Periodic Reporting for period 1 - cAAC-Light (New Strategies for Bond Activation and Catalysis with subvalent Main Group Complexes)
Berichtszeitraum: 2021-09-01 bis 2022-08-31
The main objectives of this projects are:
To synthesize a variety of MG-carbene complexes to explore their capacity towards the activation of small molecules.
To test the capacity of the MG-carbene and MG-TM complexes for the light-driven activation of non-classical bonds.
To explore the cooperativity of the MG/TM complexes on the reversible activation of E-H bonds.
To synthesize and characterize a variety of hybrid MG/TM complexes based on P,carbene chelating scaffolds functionalised with bulky moieties or N,P ligands.
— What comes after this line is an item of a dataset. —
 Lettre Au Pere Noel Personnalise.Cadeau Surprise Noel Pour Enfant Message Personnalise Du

Once the synthesis of the ligands was performed, the following step was the preparation of the MG complexes. GeCl2 was the precursor chosen for this aim. The reactivity of the GeCl2 with cAAC in the presence of catalytic amounts of lithium diisopropylamide (LDA) leads to the Ge(cAAC)Cl2. Using the same procedure for the MICs carbenes the formation of Ge(MIC)Cl2 was performed. Also, we prepared Ge(terpenyl)Cl and Ge(terphenyl)2 compounds following the synthesis previously reported by Power´s group (Figure 1).
The next step was the abstraction of one or two chlorides ligands of the Ge(MIC)Cl2 and Ge(cAAC)Cl2 for the preparation of Ge(II)(Carbene)Cl+ or Ge(0)(carbene) complexes. These species should be more reactive for the activation of small molecules. We are still working on the characterization and isolation of these species due to their great instability.
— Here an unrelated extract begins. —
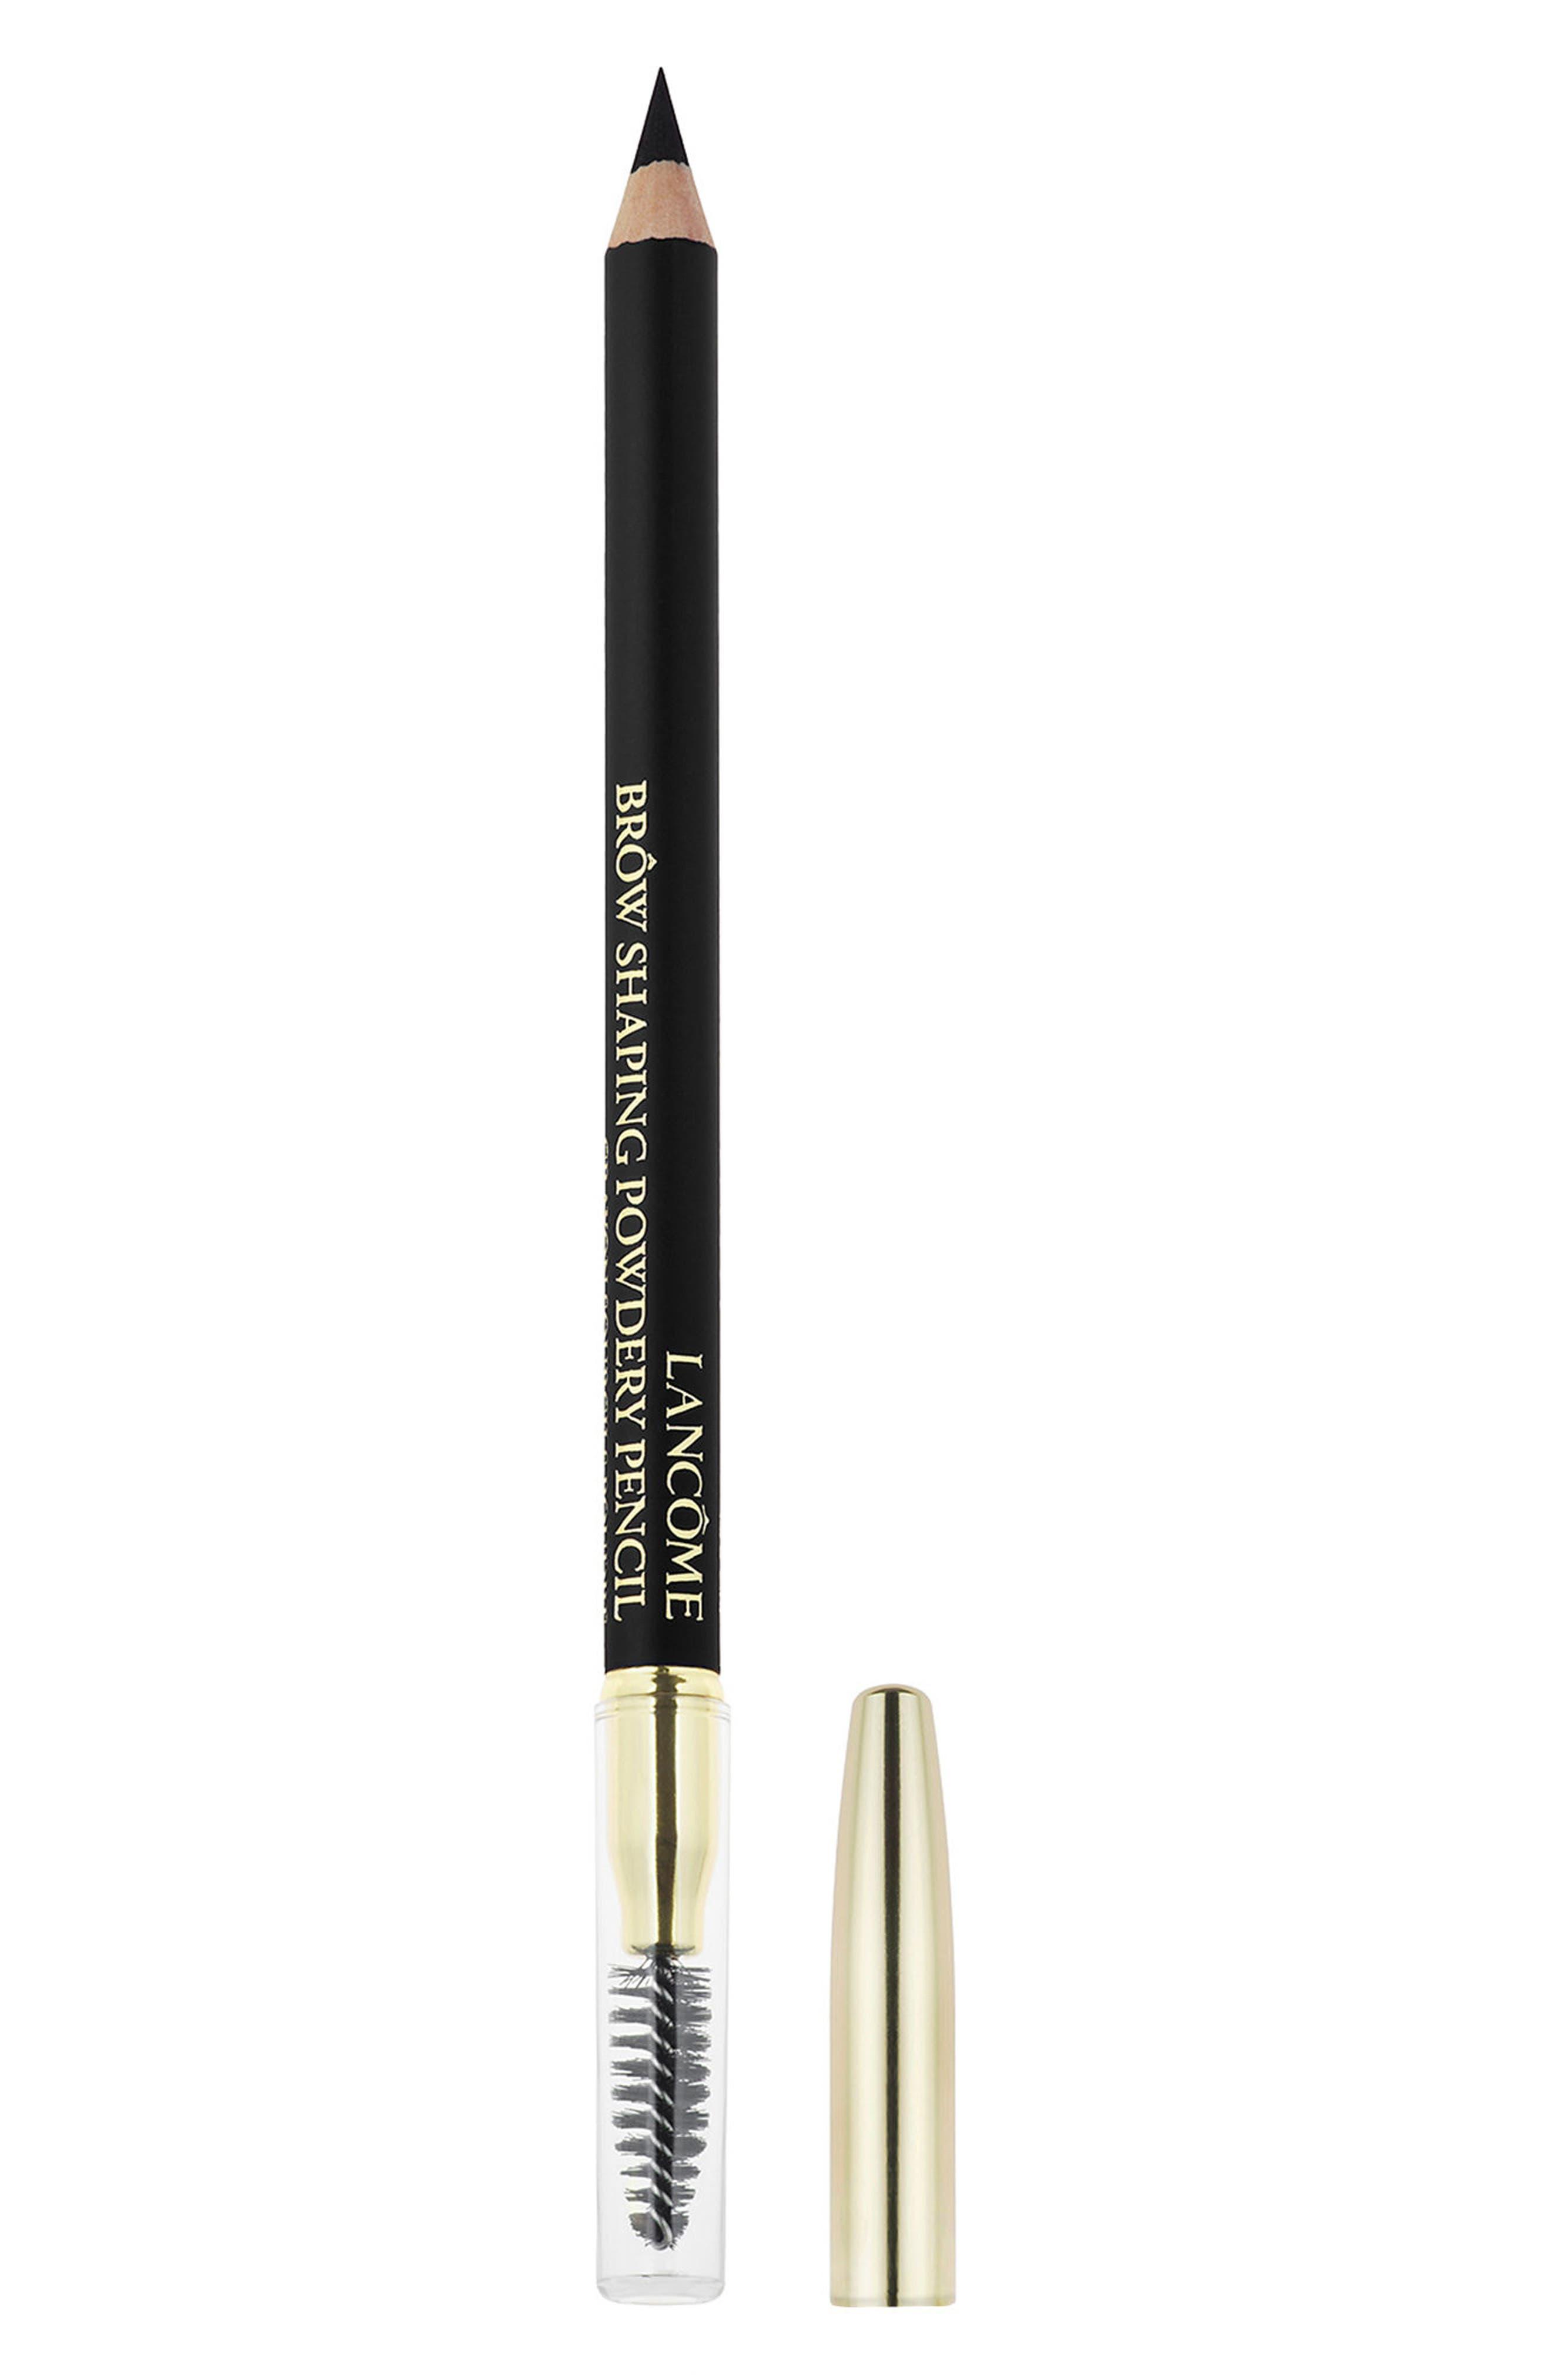 Brow Shaping Powdery Pencil,                             Main thumbnail 1, color,                             BLACK 10

In the area of Ge(terphenyl)Cl and Ge(terphenyl)2 complexes, Ge-TM complexes were isolated and characterized. Also the activation of small molecules and the catalytic hydrogenation, hydrosilylation and isomerization of olefins were performed (Figure 2), revealing an unusual selectivity pattern that we attribute to the combination of a germanium centre with rhodium, one of the core ideas of this Marie Curie proposal. These results have already led to a publication in ChemCatChem (2022, 14, e2022001).